With Labor Day coming, we got to thinking about that often critical, sometimes comical first job we’ve all had—and sometimes had to endure. We asked a few locals who’ve journeyed on their own interesting career paths what that first step/job was like. Griselda Suarez has served as executive director of the Arts Council for Long Beach since 2016, taking Long Beach’s creative community under her wing and helping it flourish.
Griselda Suarez swears she’s bonded for life with the fellow staff she scrubbed toilets with during her first real job at a boarding arts high school and summer camp in Idyllwild. Two weeks before the campers arrived, she cleaned bowls, built bunk beds, raked pine needles and painted rooms.
“We were like the temporary facilities crew,” Suarez said. “They got all these college kids from all over the country to do it. I got to meet some really cool people.”

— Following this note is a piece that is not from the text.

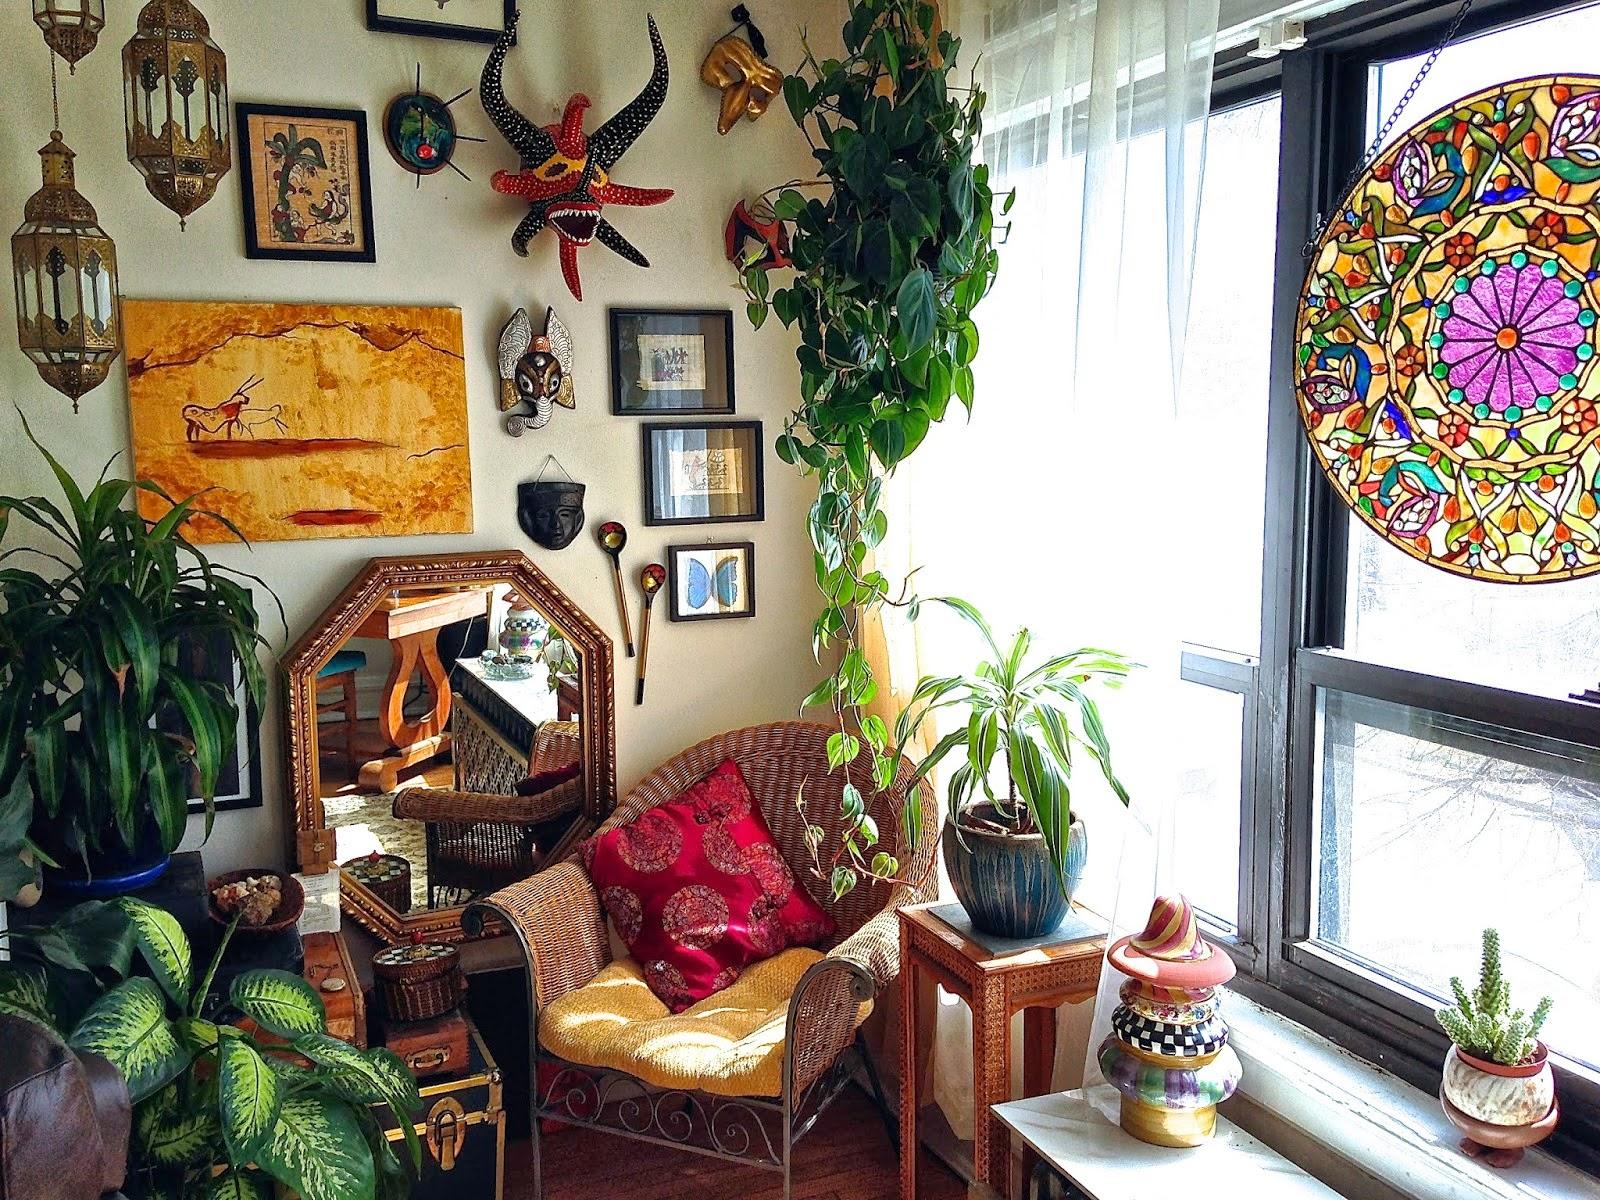 GYPSY YAYA Ms Tungstens Jewel Toned Abode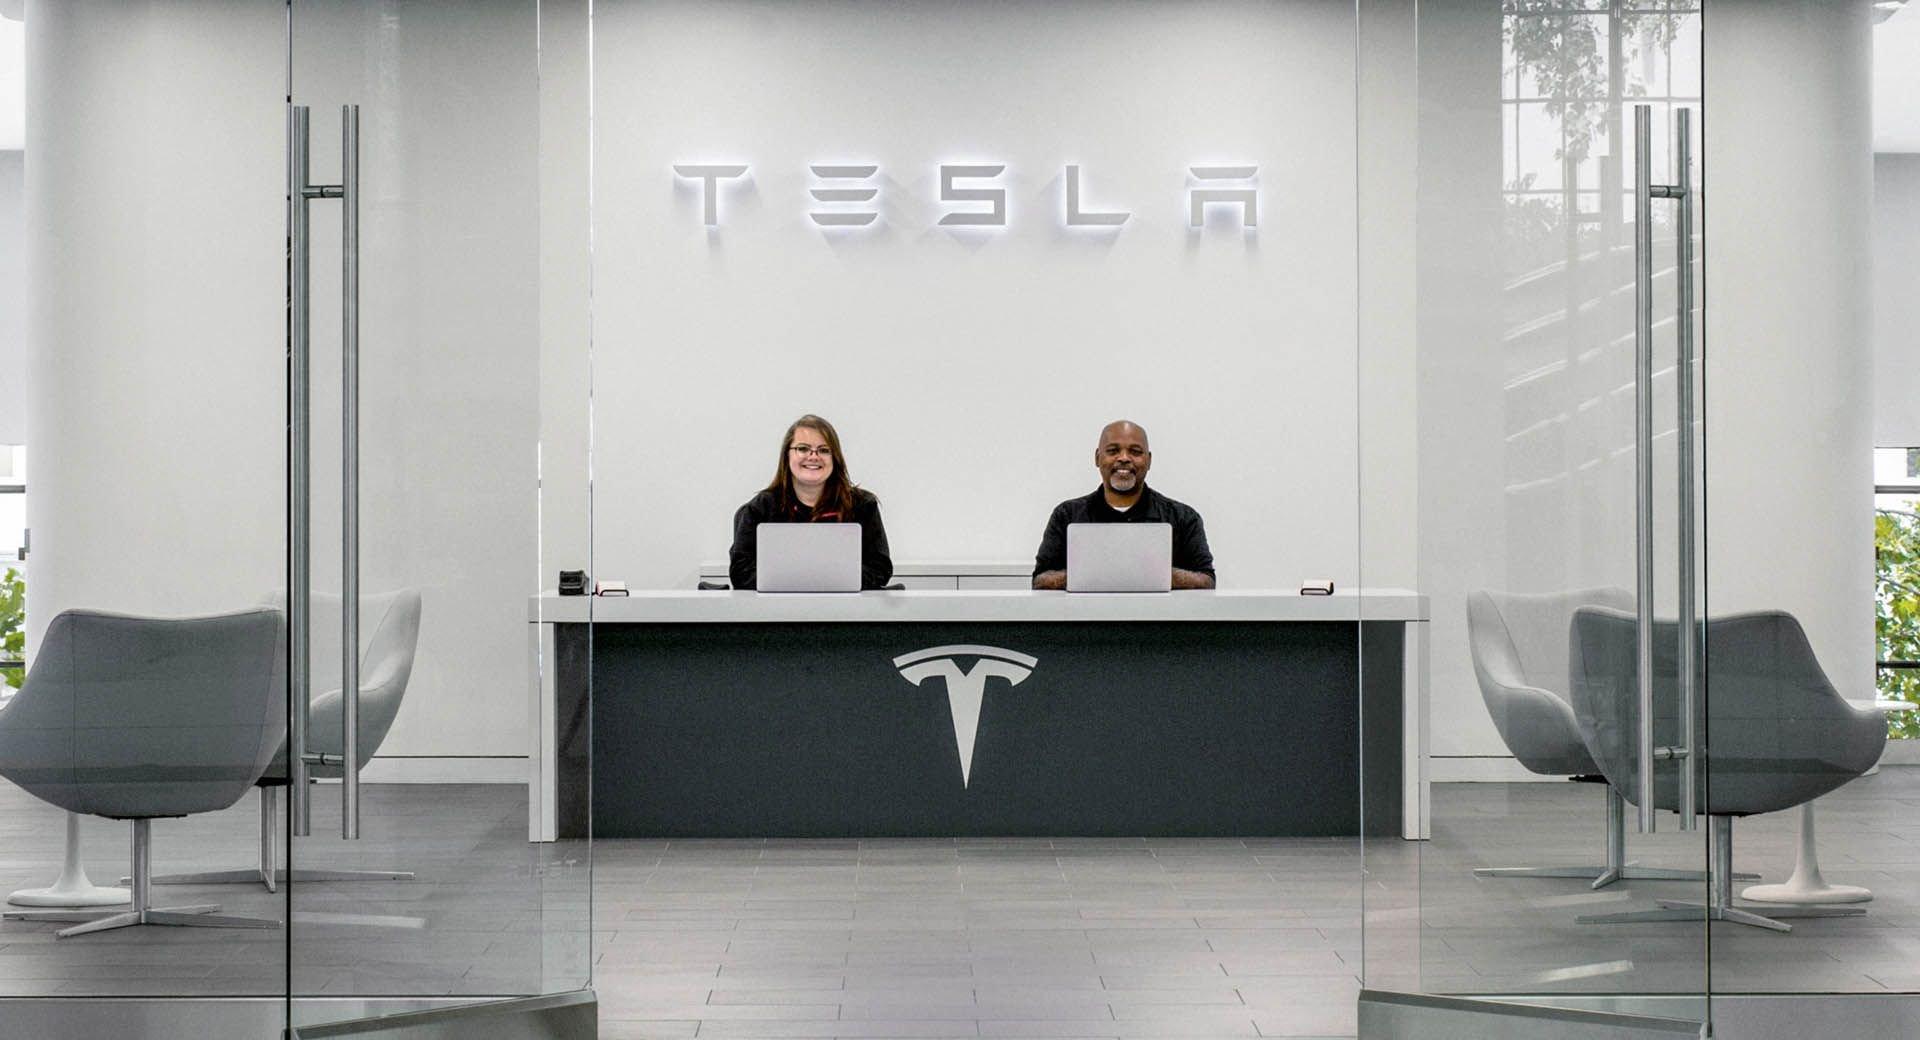 tesla-service-lobby.jpg

One of those people turned out to be one of NPR’s most prominent radio personalities, one owns a publishing company and one runs a renowned modern dance company in San Francisco. Today, Suarez says she still keeps in touch with the people she met scrubbing toilets. As far as long-term relationships are concerned, Idyllwild Arts is also where she met her wife, Angels Gate Cultural Center Executive Director Amy Eriksen.
“It was quite the summer,” Suarez said. “I remember we had to expel a DeVito kid for breaking the rules.”

Founded in 1946 and nestled in the forests of the San Jacinto Mountains as a secluded arts institution, known artists from Ansel Adams to Shepard Fairey, have passed through its summer and year-round programs. Suarez was also a painting student at Idyllwild School of Music and Arts (ISOMATA) before its name was changed to Idyllwild Arts, in ‘95.
At age 19, having been a camper, she was more than inspired to take the job; working at Idyllwild was like a test on how to deal with artists, she said, something she seems to handle with considerable ease now. But then, it was about learning how to control the chaos, the “artistic energy,” the “mayhem” of the high schoolers, and yes, cleaning toilets.
Suarez’ tasks included wrangling the boys she caught surfing down the stairs on their mattresses in the dorms, cleaning the camp, performing, serving as a butler of sorts for the well-off families in the family camp, putting together a daily newsletter, more cleaning, as well as stage managing and performing.
“It was like a cruise on a mountain, we were the entertainers and also the facilities.”
Suarez said she learned two things: one, that artists need room, a lot of room, to create what they’re going to create and two, how to be detail-oriented from working under the assistant director of summer programs at the time.
“She taught me how to assign tasks, how to meet… she had all her days planned out; which piano was needed in this room, what stage had to be built. I learned a lot about those kinds of arts logistics, production logistics that I still have a pretty good grasp on.”
“I got to see how poets work, all the genres. They really are different communities. I learned what a poetry show needs, what a painting show needs, I got a little taste of everything.”
After two years working for Idyllwild Arts, Suarez graduated from Pitzer College in Claremont and moved to San Francisco. But she went back to the mountain one summer to take a break from the city.
“It was so beautiful,” Suarez said. “We would have to stay up for dorm watch, and then one summer we were just like, let’s go see the comets, the ones that happen in August. Growing up in LA, and also being on a mountain, was really cool.”